Content starts

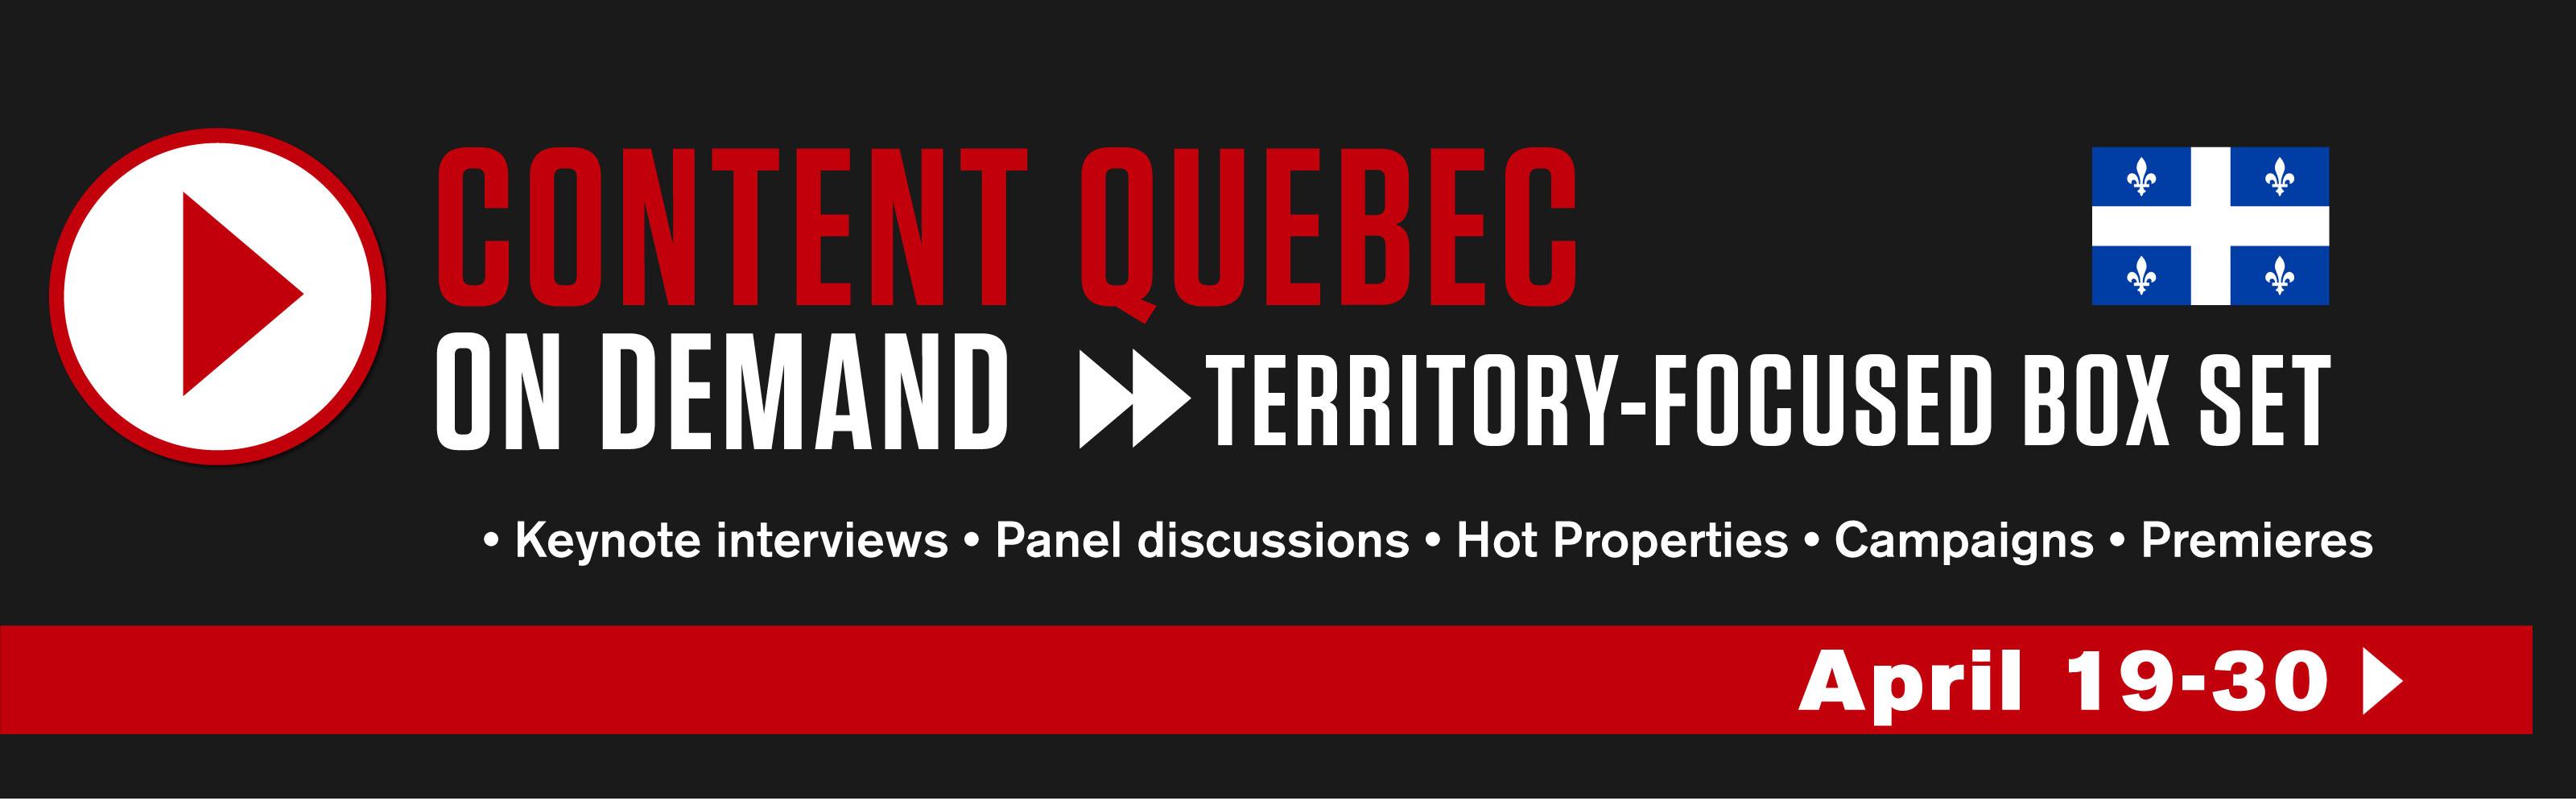 Content Quebec On Demand
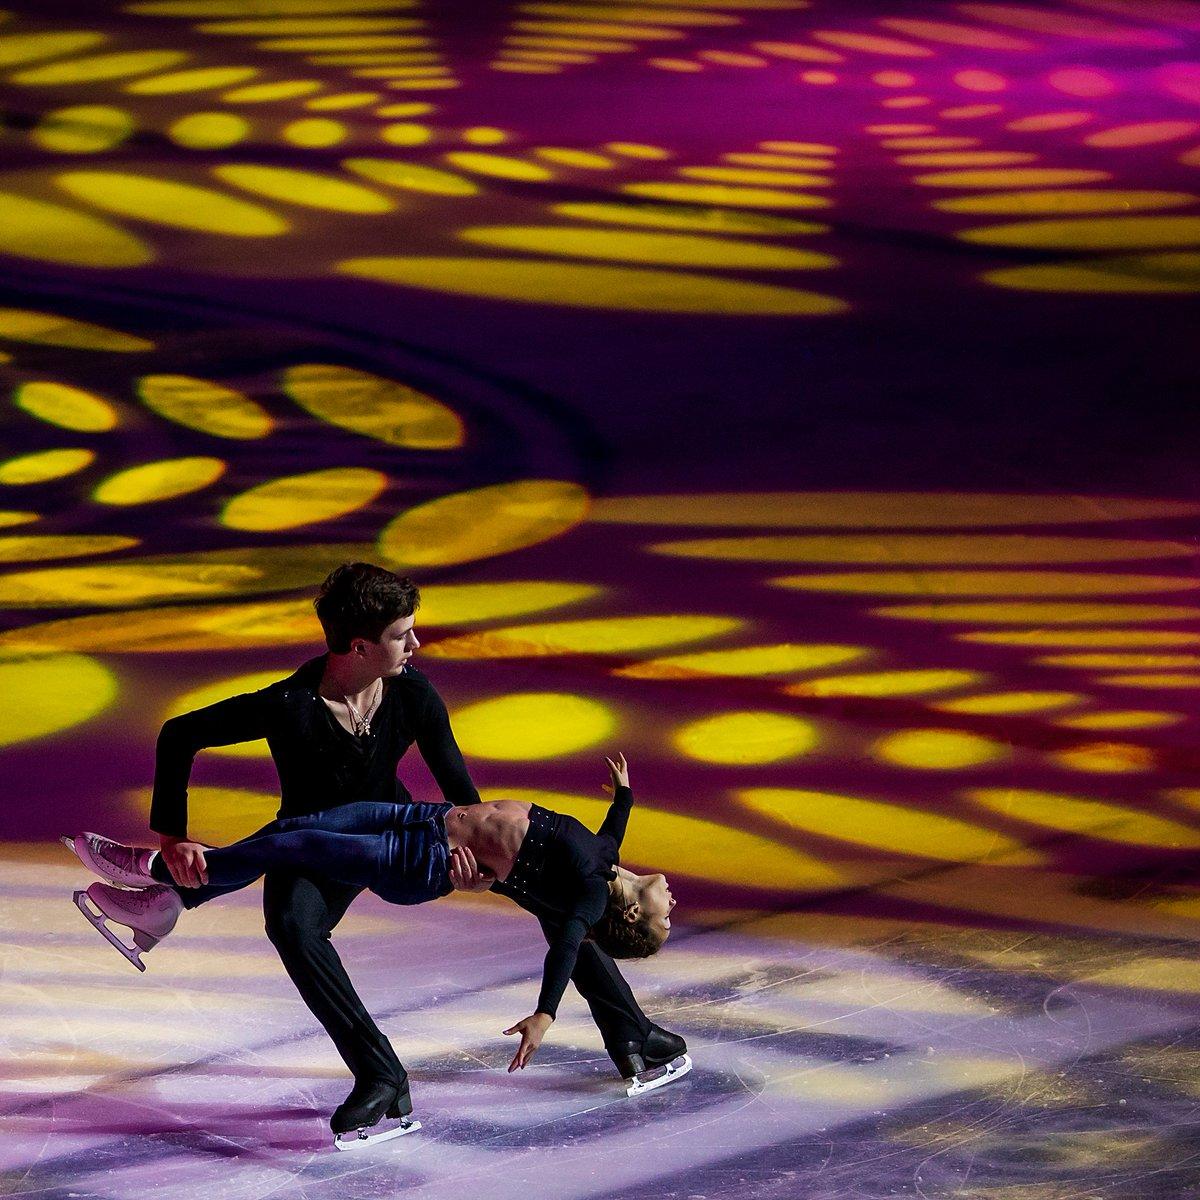 Чемпионат Европы-2019, Минск/Беларусь (21-27 января) Dks6_daW0AAV8-y
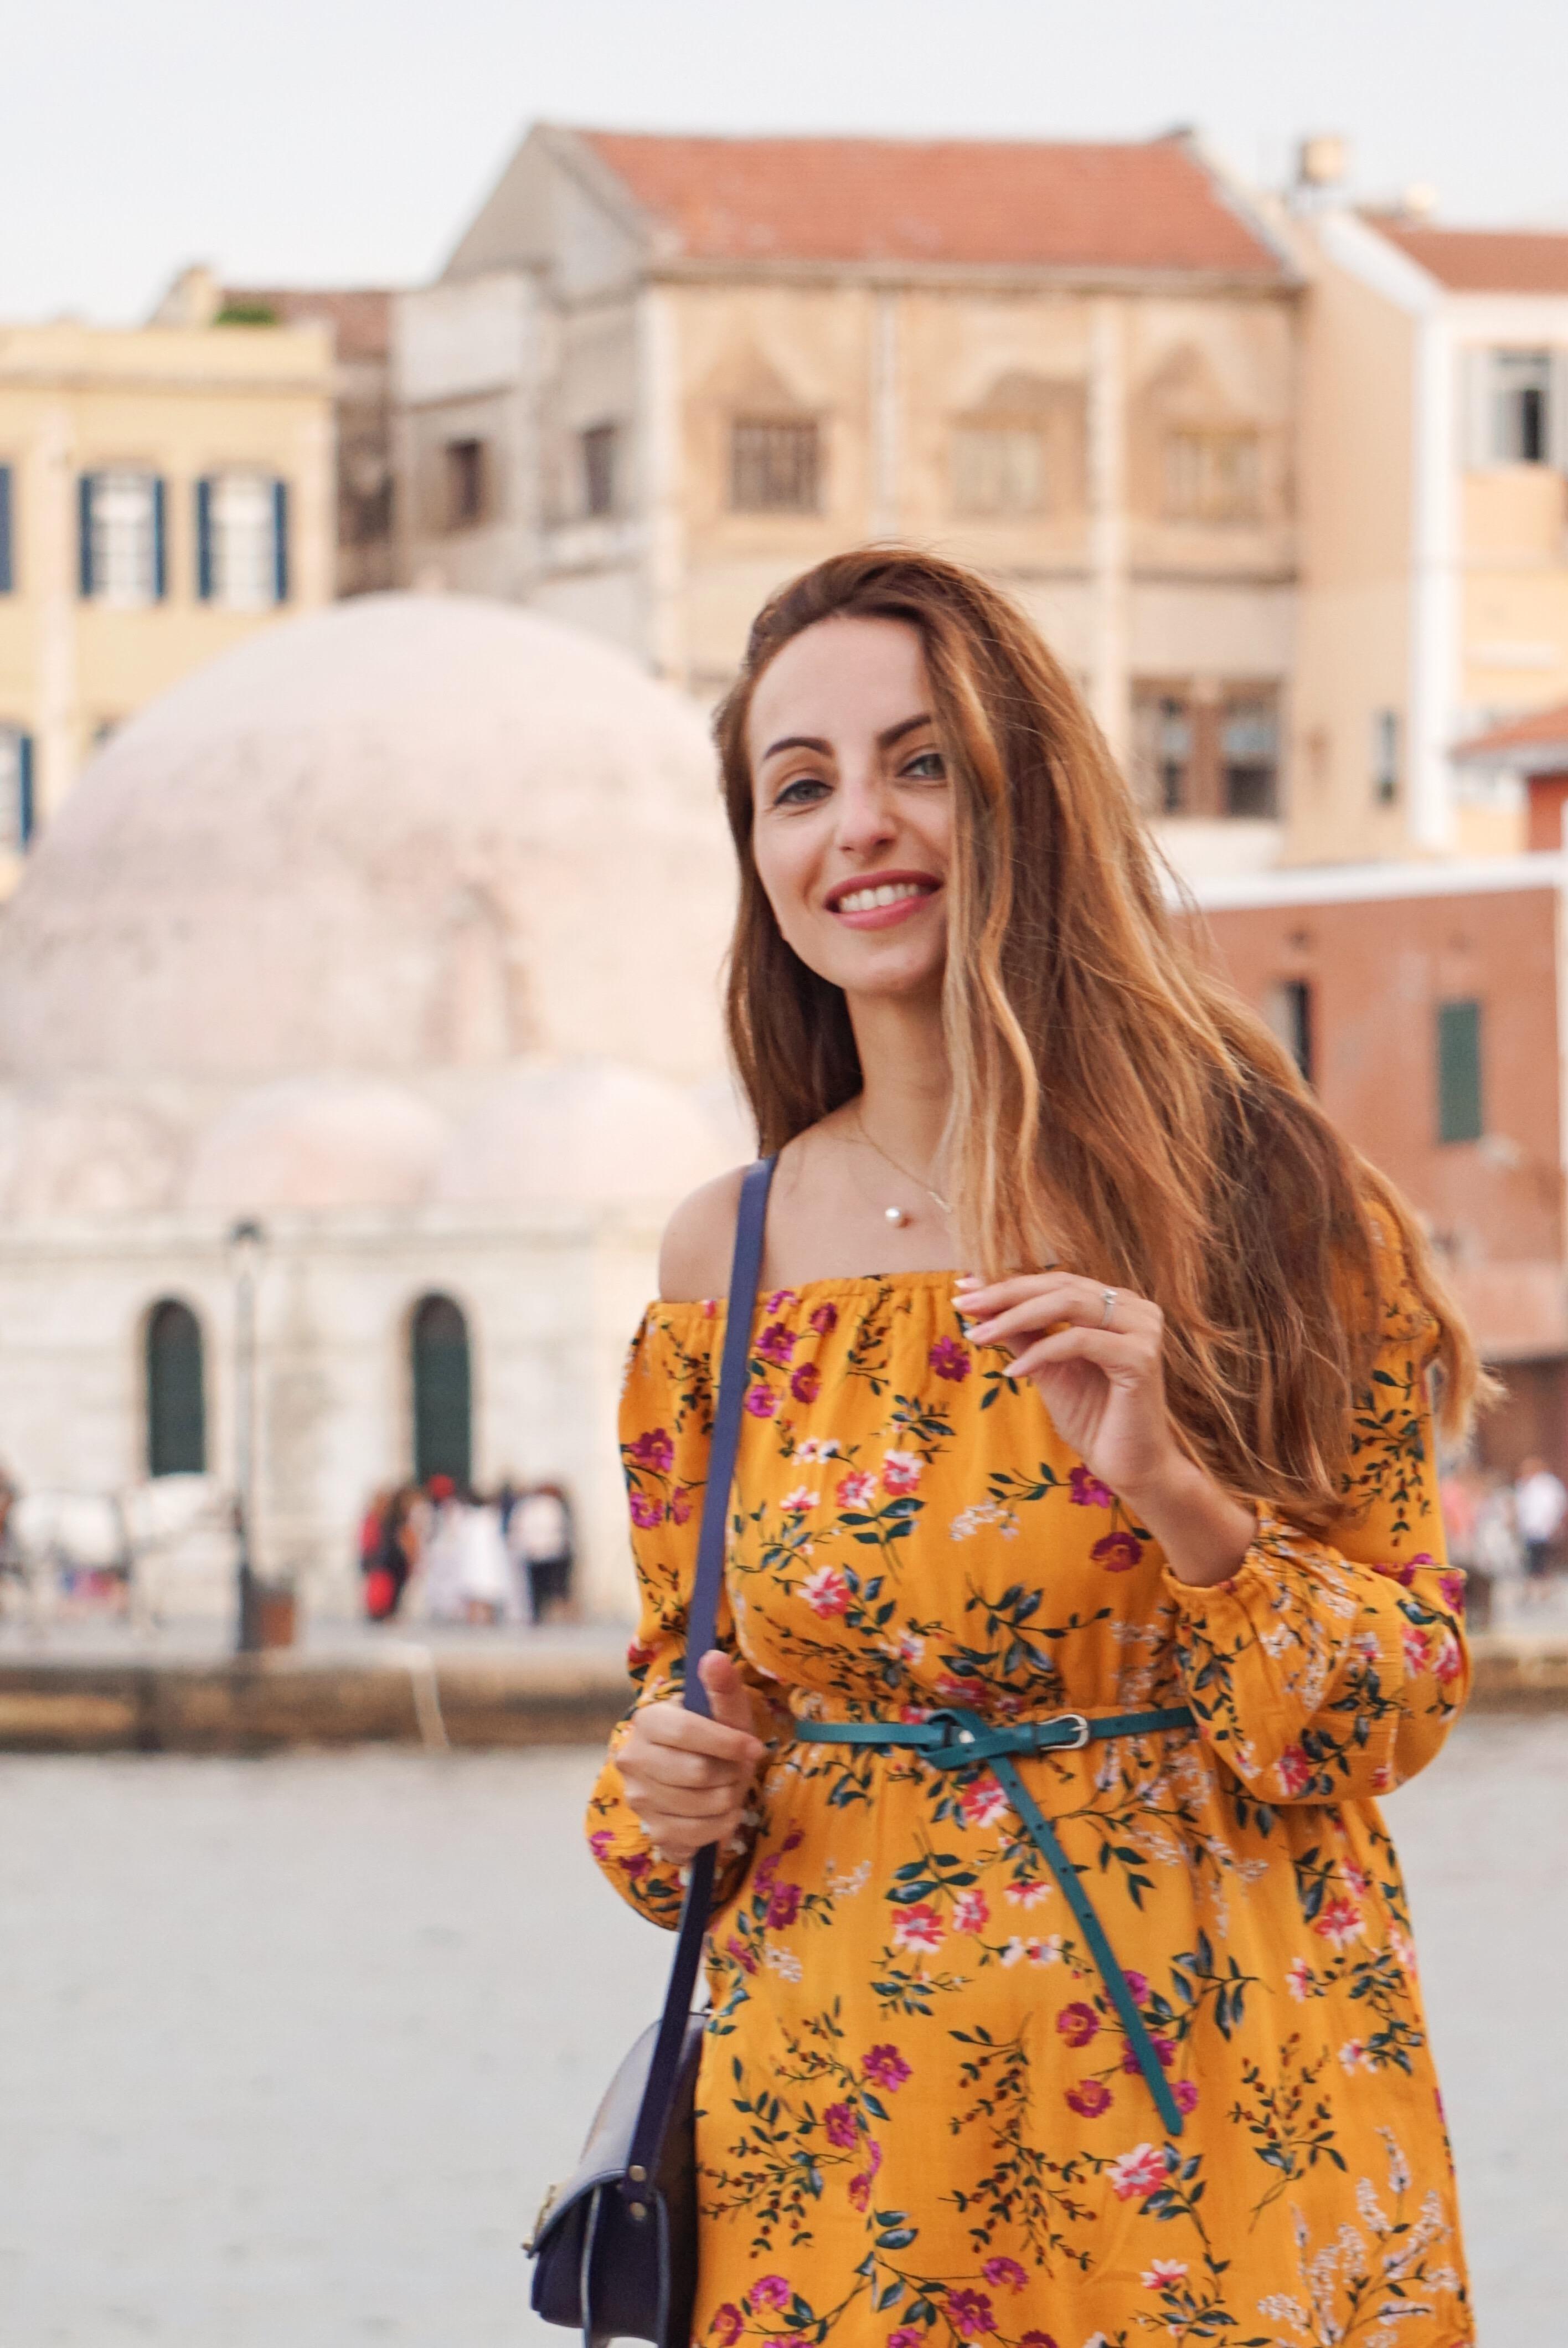 Chania-Crete-Fashionblogger-Outfit-Post-4

Content ends

#### Exercise directions
Would you print the material exactly once more, without any of its pictures?

#### Written response
 Content Quebec On Demand
 Чемпионат Европы-2019, Минск/Беларусь (21-27 января) Dks6_daW0AAV8-y
 Chania-Crete-Fashionblogger-Outfit-Post-4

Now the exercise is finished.